Scheuer notes two other facts: 1) “It has long been a commonplace for local news departments to focus on violence and sensationalism” (“if it bleeds it leads”) while ignoring white-collar crime. 2) The shouting heads of TV punditry.
• “Kill the Messenger” by Nick Schou tells the sad tale of a courageous investigative reporter driven to suicide because of betrayal by his own editors and destruction by leading newspapers.
The reporter, Gary Webb of the San Jose Mercury News, wrote a three-part series, “Dark Alliance,” in 1996 detailing the link among the CIA, the crack cocaine explosion and black communities.

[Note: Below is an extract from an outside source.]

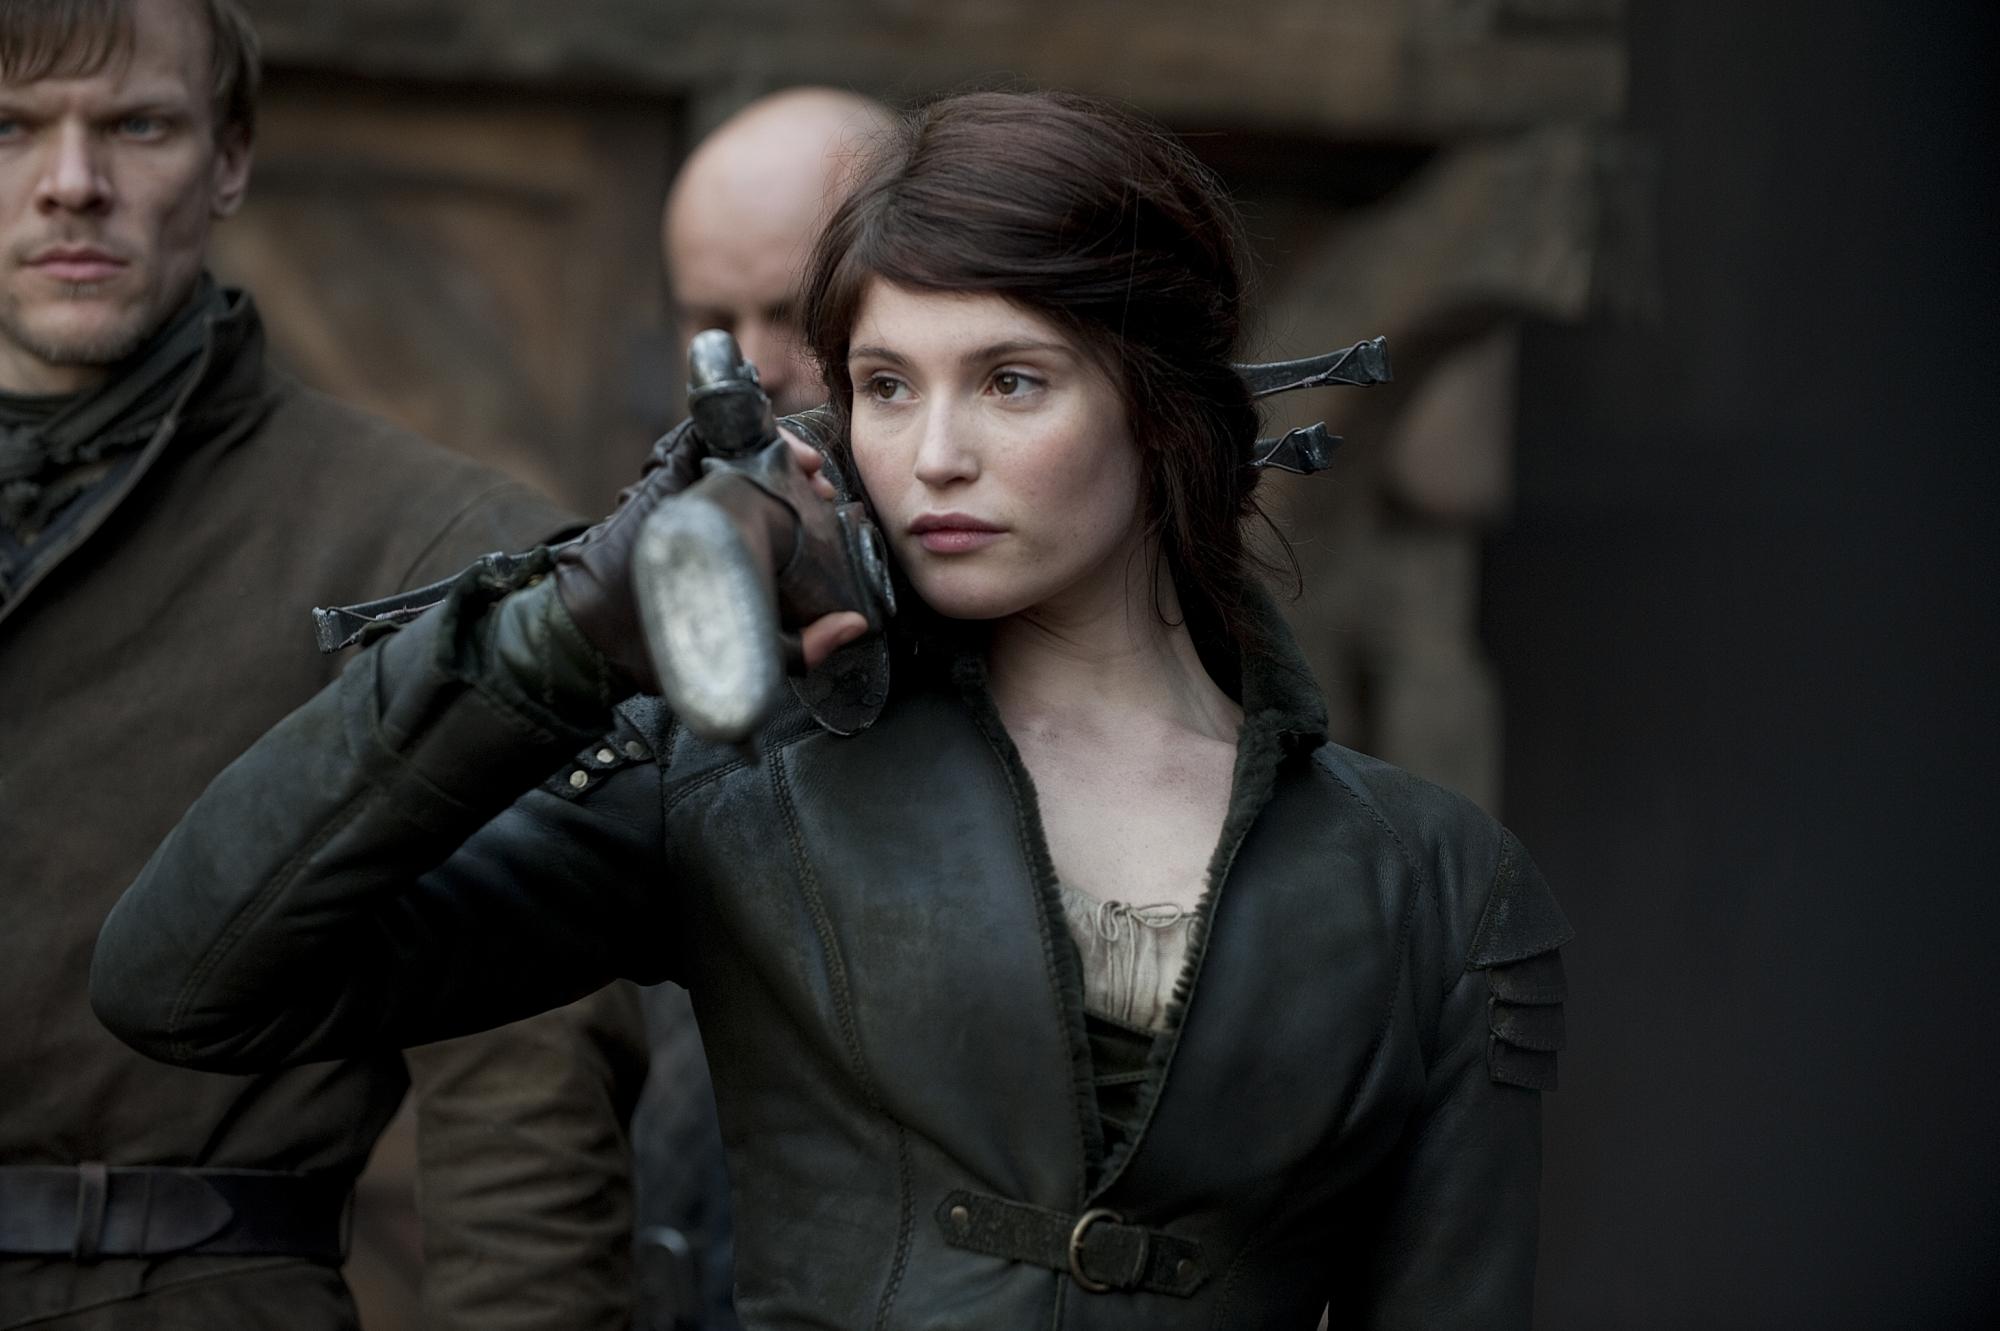 gemma arterton gretel cazadores brujas

“Webb spent more than a year uncovering the shady connection between the CIA and drug trafficking through the agency’s relationship with the Nicaraguan contras, a right-wing army that aimed to overthrow the leftist Sandinistas governments during the l980s,” Schou writes.
The CIA knew that the contras were dealing cocaine but did nothing to stop them. “He (Webb) was right,” Schou concludes. The CIA admitted later that it had lied about the scandal.
Despite the powerful indictments in these books, too many American cretins insist the media are liberal, that the earth is flat, that evolution is a myth and that Saddam had WMD.